Matteo Bagnaresi

Era inevitabile – ed è successo. Forse risuccederà.

Premetto che questo è un problema sociale: dire che è un problema solo ed esclusivamente del calcio è come dire “noi non vogliamo risolvere il problema”.

Ieri è morto un altro tifoso, un altro ragazzo è incappato in una “tragica fatalità”: si chiamava Matteo Bagnaresi. Magari, non lo sappiamo e, probabilmente non lo sapremo mai, stava in un posto sbagliato al momento sbagliato.

Ciò che mi sento di dire è che, ancora una volta, le colpe vanno ricercate in chi prende le decisioni.

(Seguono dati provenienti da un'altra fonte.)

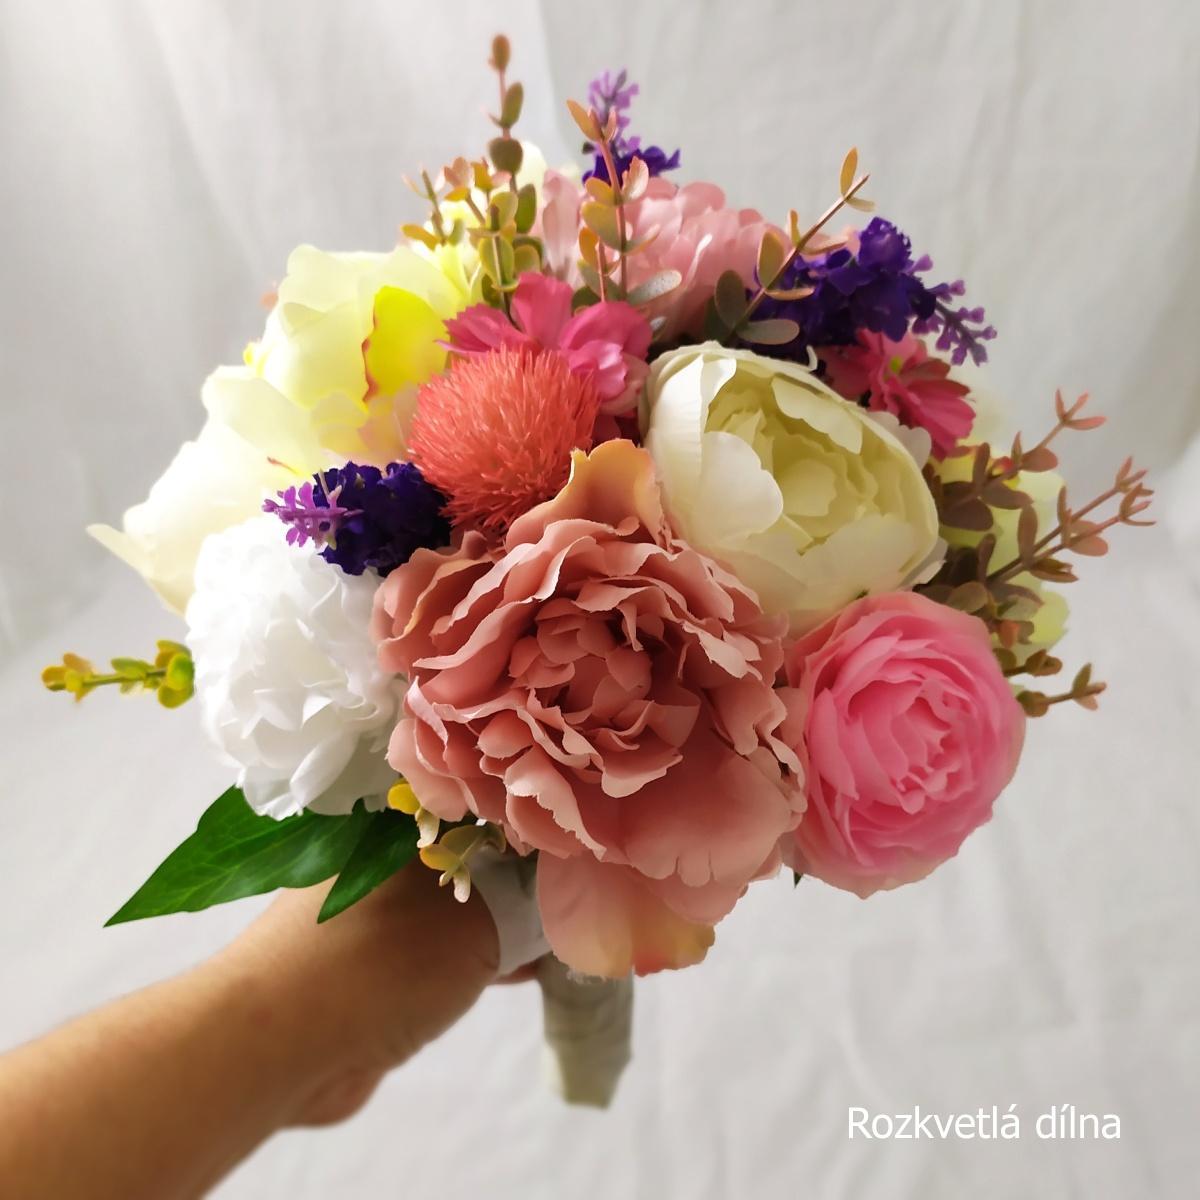 Látkové květiny z Rozkvetlé dílny - Obrázek č. 6

Nell’osservatorio del viminale per gli eventi sportivi, nel governo, nel ministro dello sport, sky le tv, chiunque vogliate.

Ci avete messo i tornelli allo stadio; ci state impedendo di andarci, allo stadio; ci state rendendo la vita impossibile, costringendoci a restare a casa sul divano a guardare sky (ed i commenti scandalosi dei loro telecronisti – mai super partes – eppure i soldi, i 45 euro al mese, sono uguali sia che li paghi io, sia che li paghi un milanese, un romano, un genovese o chicchessìa).

Un ultimo commento lo lascio ai giornalisti e a simona ventura: ma non avete cuore? Dovete per forza, sempre, travisare le notizie? Ieri stavo pranzando ed i commensali guardavano “quelli che”; in collegamento il padre di Gabriele Sandri (a proposito, lo sbirro che l’ha ucciso che fine ha fatto? ah si, è come col g8, cadrà in prescrizione) – la ventura: “sig. sandri, perchè la morte di un figlio è il dolore più grande che si possa provare”. Ma che domanda è? Per fortuna che il sig. Sandri è un signore vero, ed è andato avanti col suo discorso senza commentare. Ed i giornalisti: ma con che coraggio vi presentate alla porta di una madre che ha appena perso il proprio figlio, chiedendo un commento? Andreste fucilati – siete degli sciacalli.